Stop, love, warmth, power
The warming color makes elements of your design seem more important. Dark red, similar to that of the color of bricks, reminds of power and durability.
In signs and traffic lights, the red is used as a warning color. Designers use it to make sure you’re aware of the implications of the action.
Think of oranges. They provide a great source of Vitamin C and boost of energy when eaten. So, we associate the color with the same source of energy and enthusiasm.
Orange is common on casual sites, but the bright color is often not seen on professional websites, as it denotes cheapness. In some instances, like on websites to help customers find cheap products, this is actually an advantage.
Different shades of yellow come with different implications. Like warning signs on the road, bright yellow is upbeat and commanding of attention.
Dark yellow indicates a more serious topic and an older topic. The History Channel logo is a good representation of this combination.
Growth, Success, Nature
Since most plants are green, there is an obvious correlation between the two, and growth and health by extension. Growth can also be applied to businesses and personal finances.
Trust, Relaxing, Sharing
The most common color in UX design comes with many different implications. Lighter shades, like those of sky and water, are inherently trusted and relaxing, prompting numerous banks to adopt the color in their logos.

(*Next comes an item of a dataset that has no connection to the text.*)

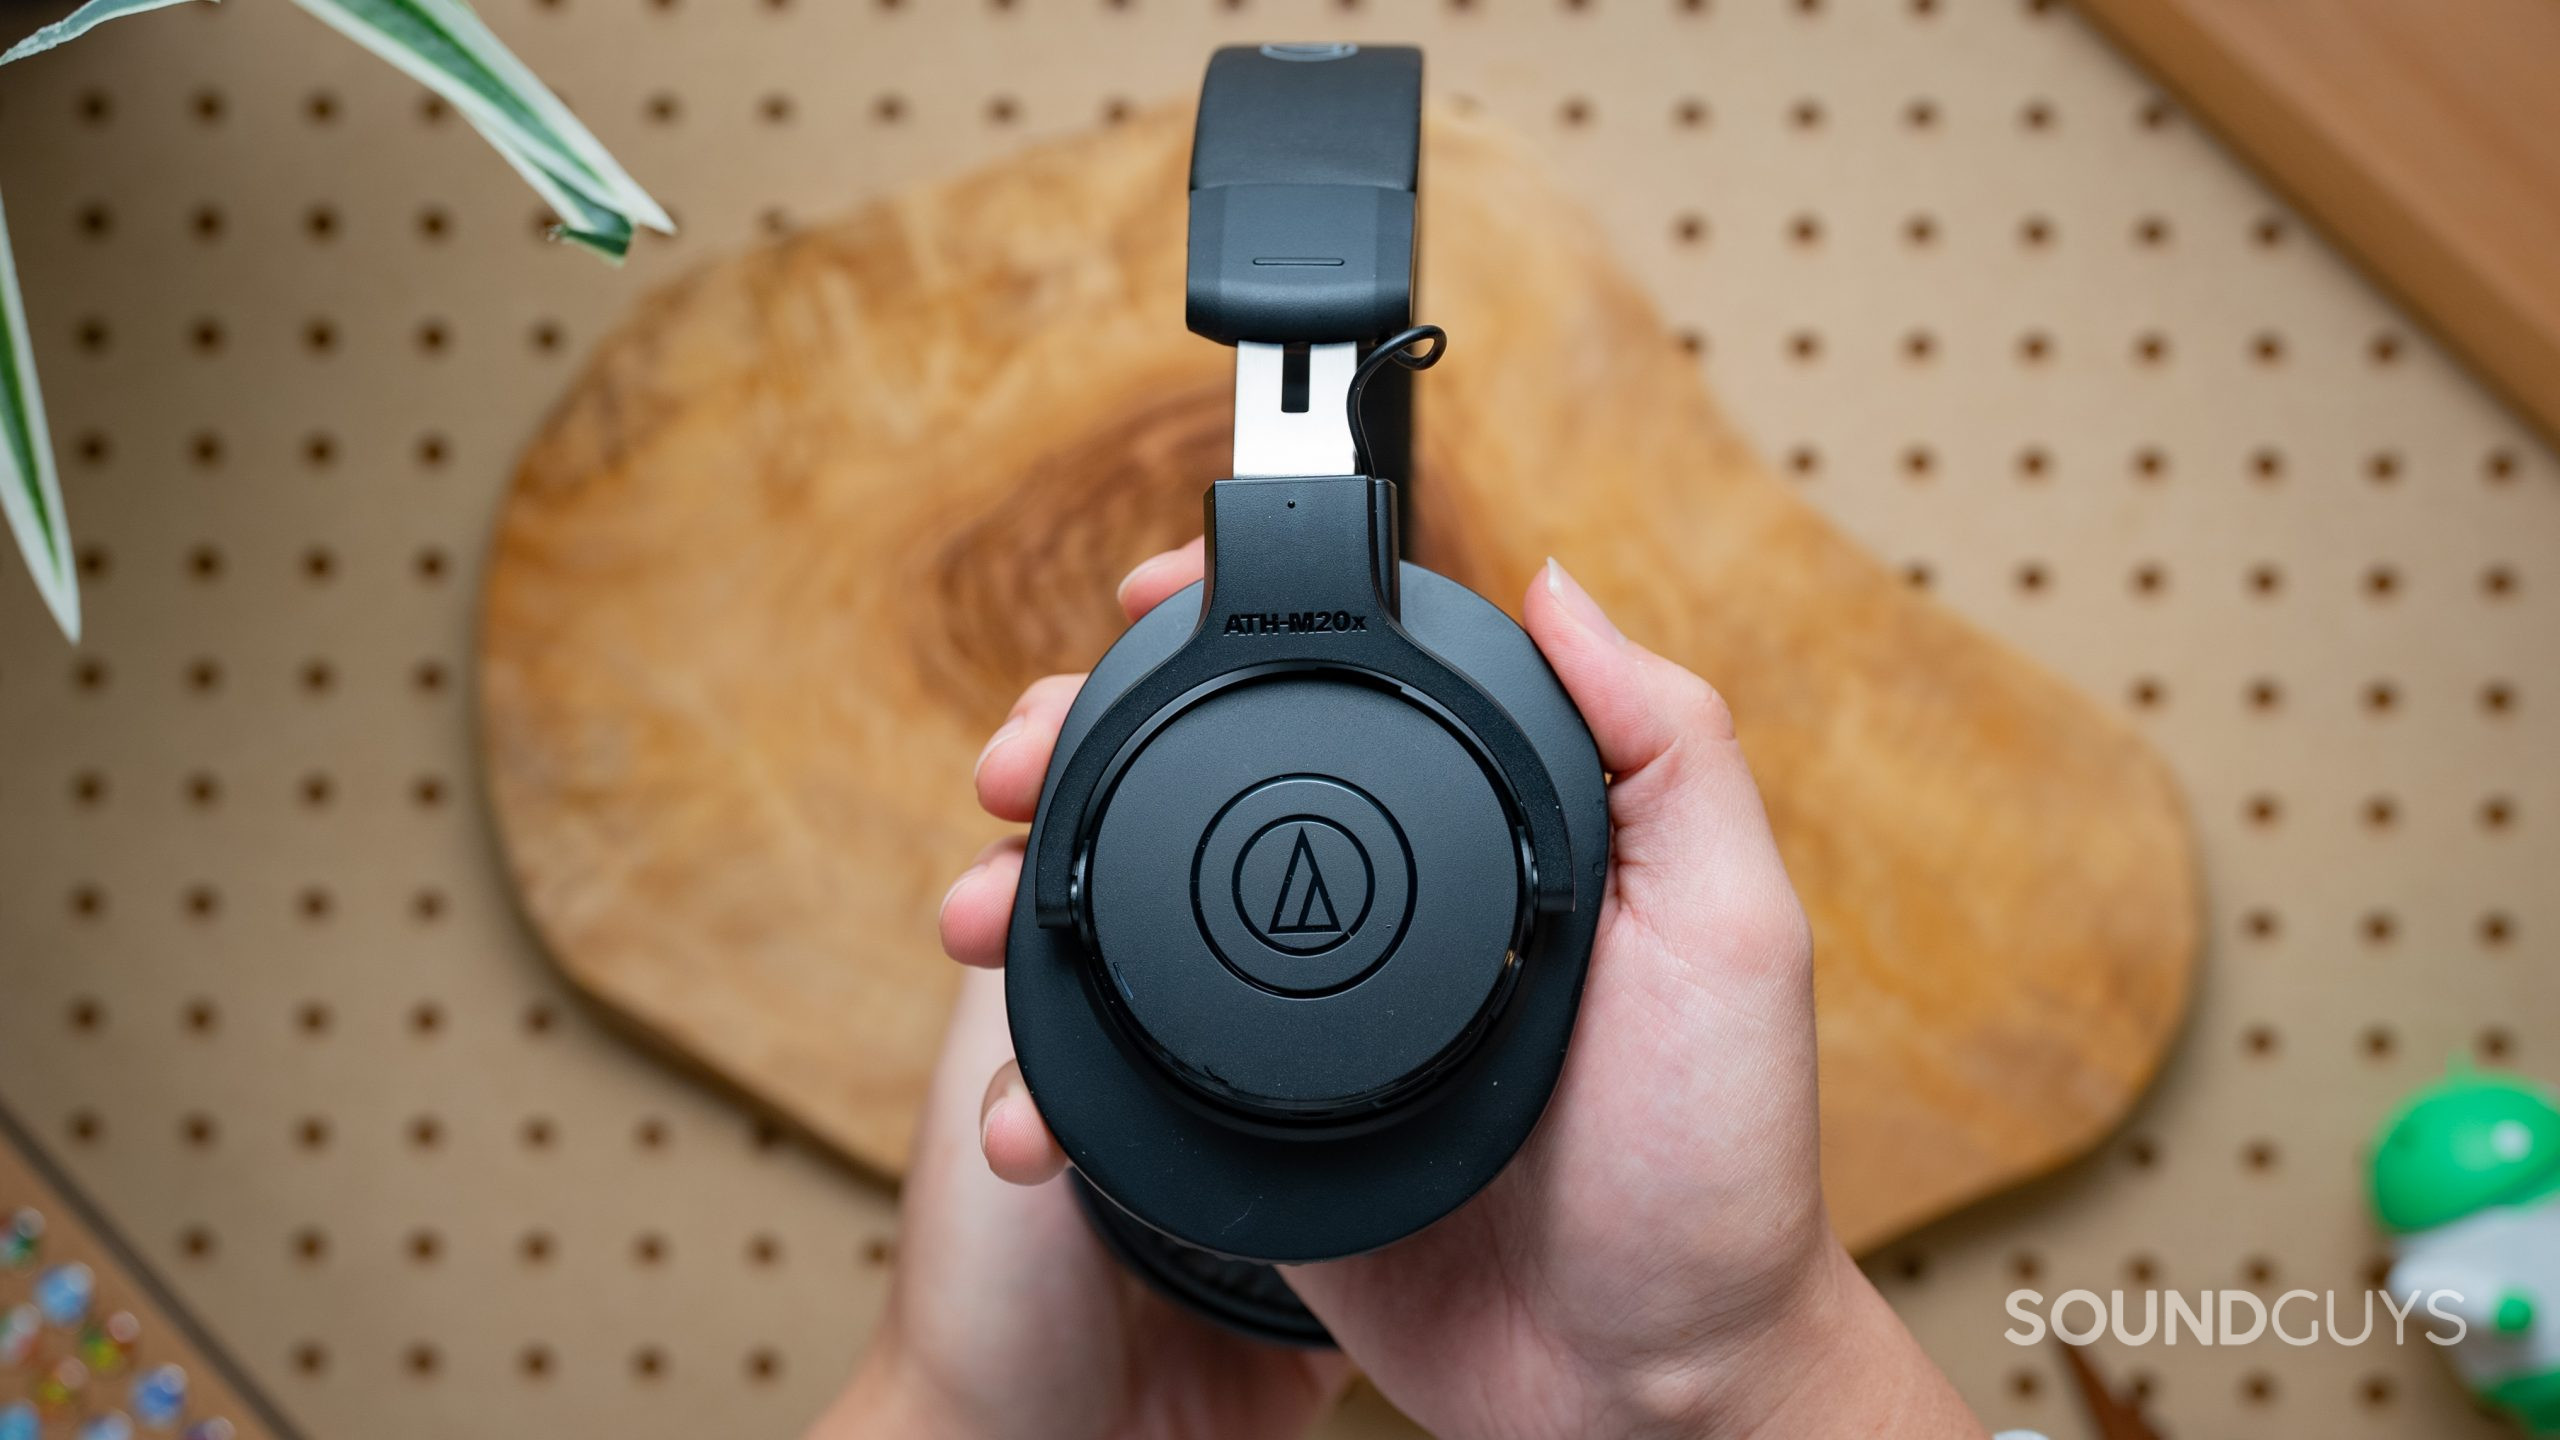 A hand holds the Audio-Technica ATH-M20xBT shown from the side.

Social media sites, web browsers, and messaging apps, also adopted the color, prompting a recent social and sharing meaning.

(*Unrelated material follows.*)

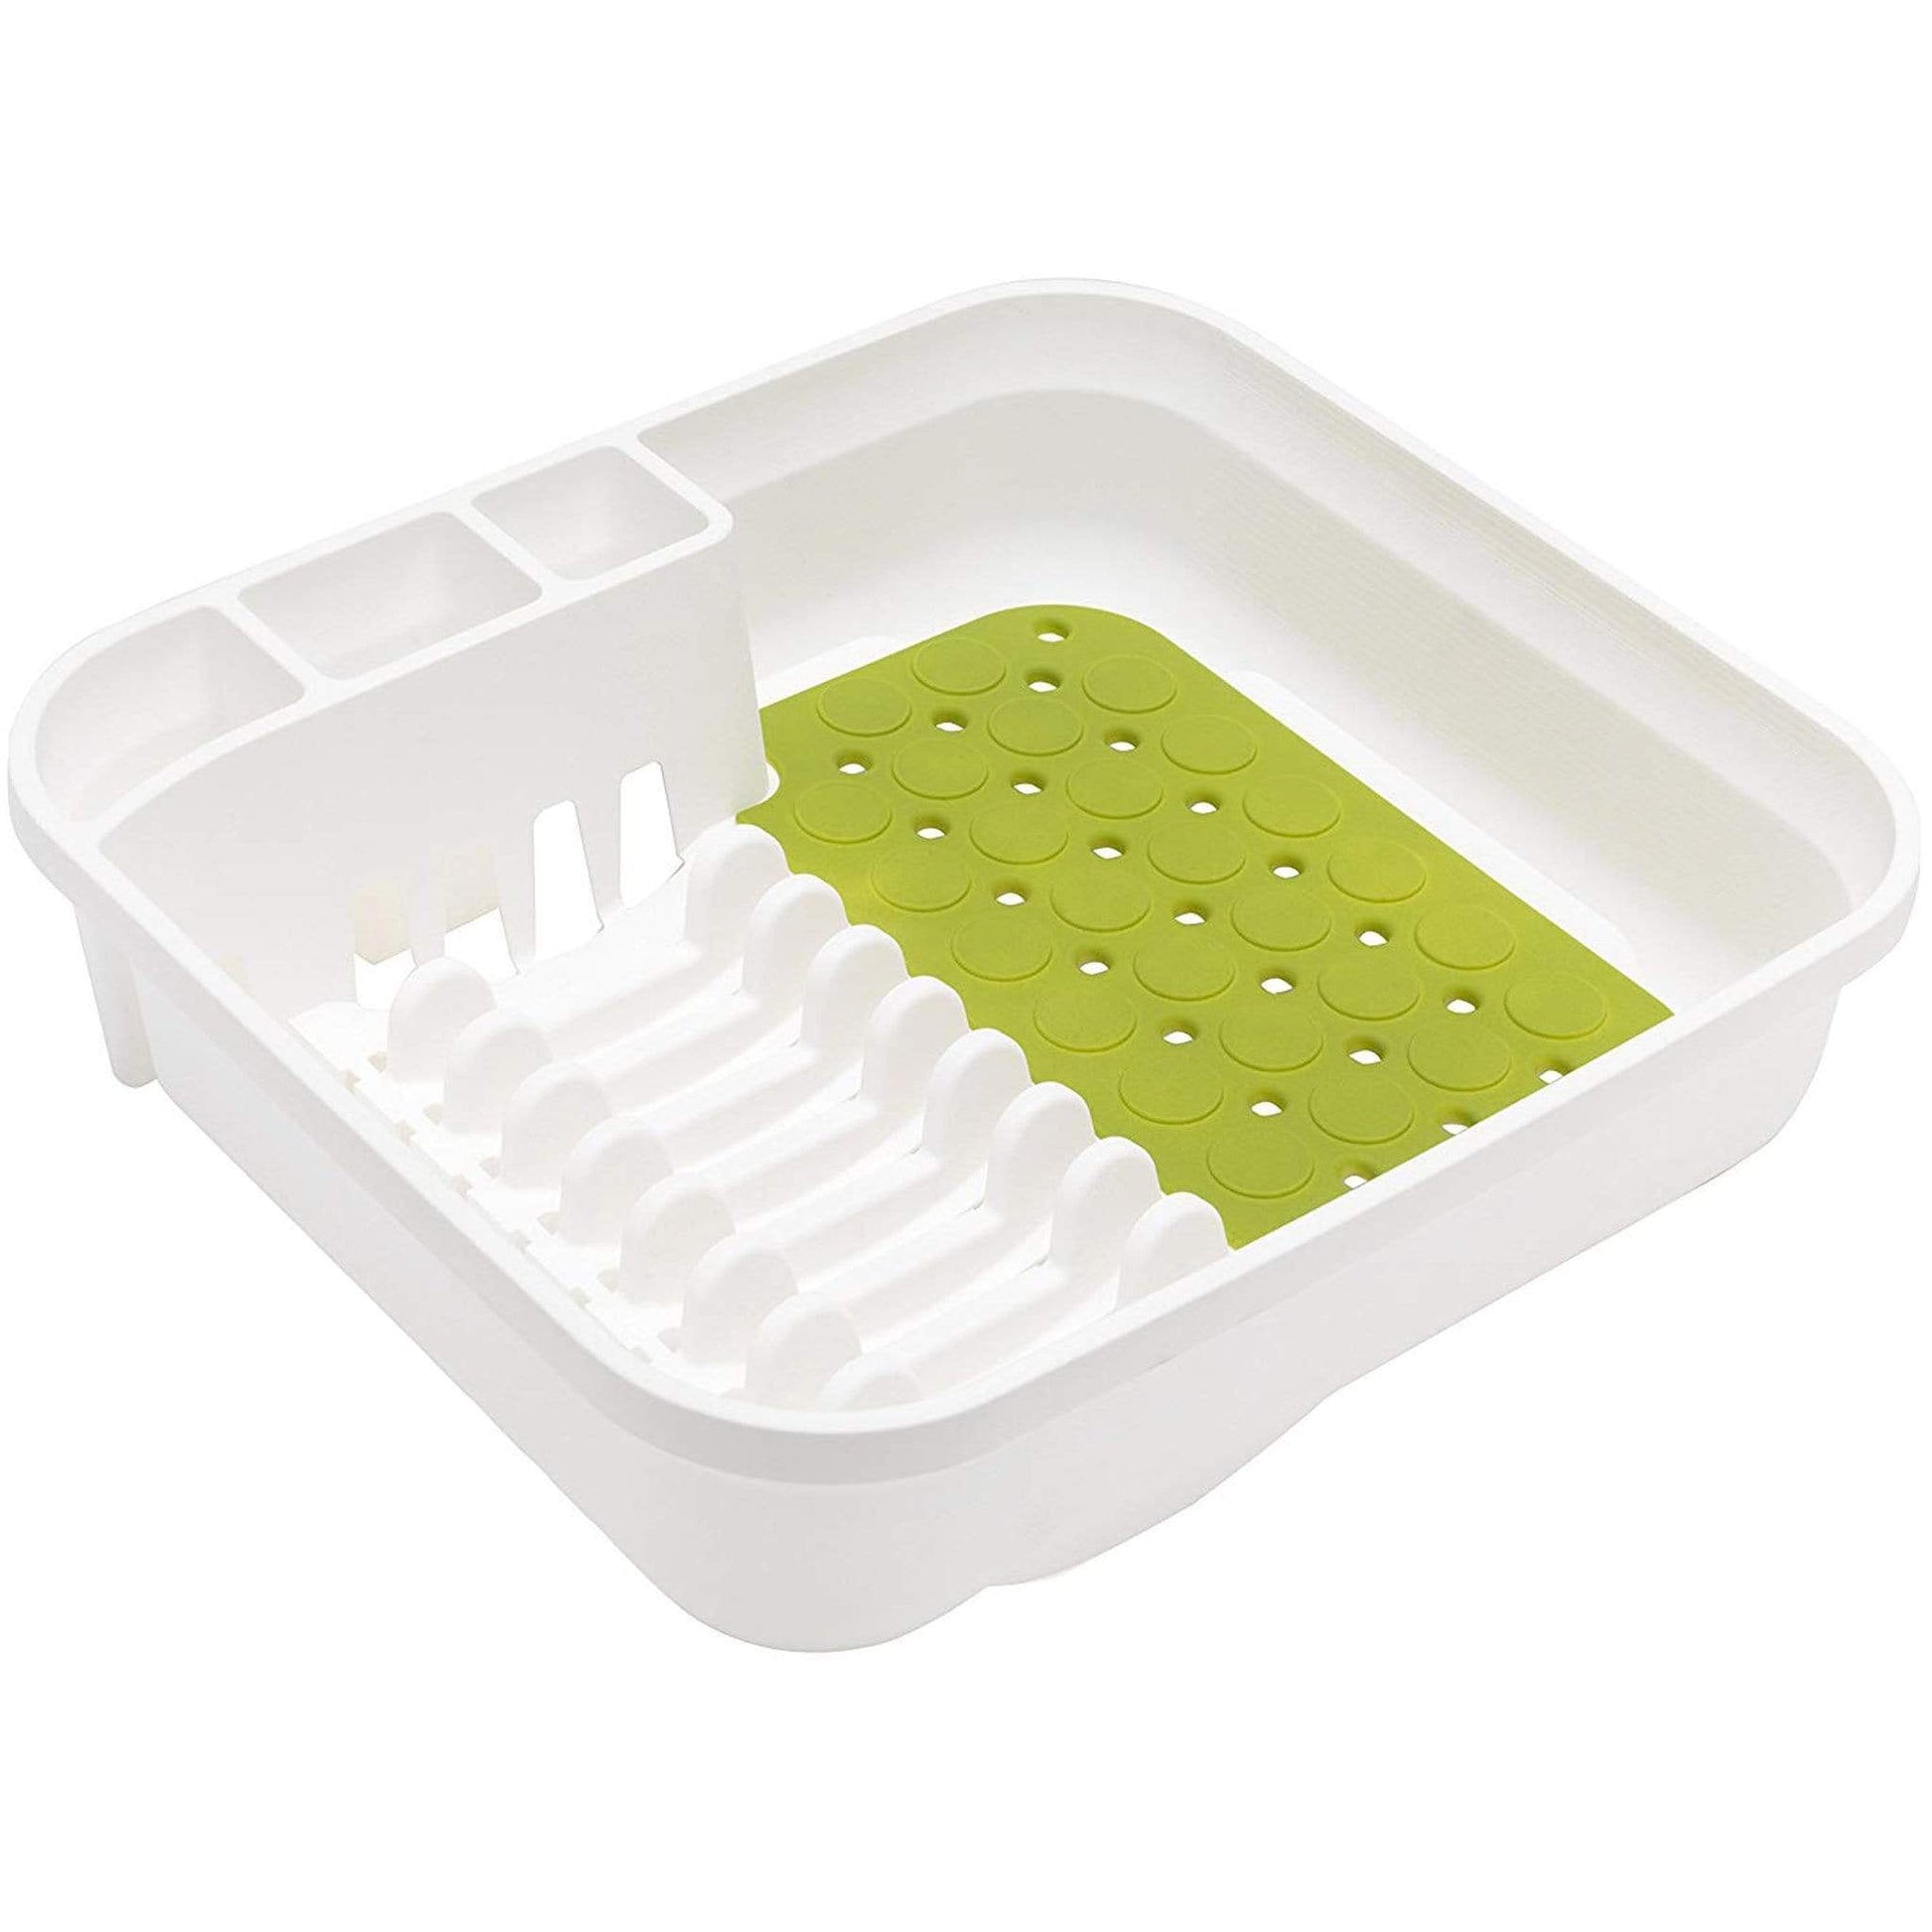 Kitchenware  -  Addis Draining Station In White And Green  -  50143273

The color purple was historically linked to royalty, and the color maintains the sense of luxury today.
Bright pinks provide a playful nature to your logo or UX design. Though it often is associated with girls, make sure not to rely on this stereotypical use.

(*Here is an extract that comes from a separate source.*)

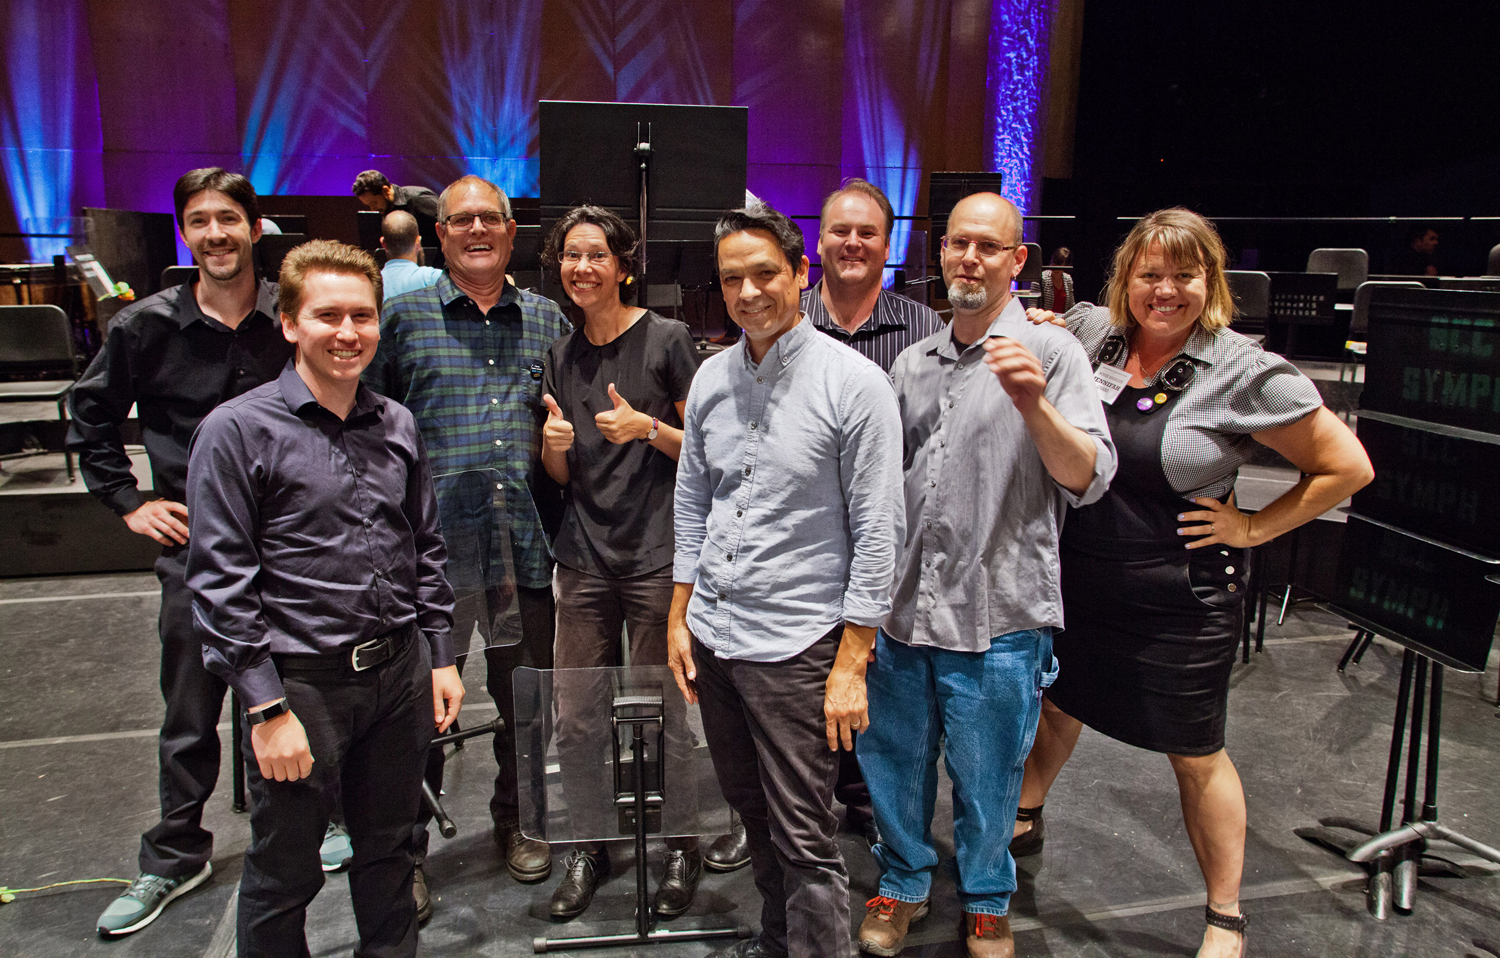 The faces behind the scenes – the Cabrillo Festival production team! (not pictured: Kelly Ott)

Brown is very rare in logos and websites. It generates images of nature and wood, and with them comes connotations of stability and rustic feel.
Black is the strongest color and attracts attention the fastest. When used in logos and large graphic elements on websites, it enhances the emotions of the other colors used and requires a striking font.
Unlike black, white accents other colors. White space is important in design, but using it as the dominant color can be too overwhelming for the user. Use shades of white in your design, but don’t rely on it too heavily.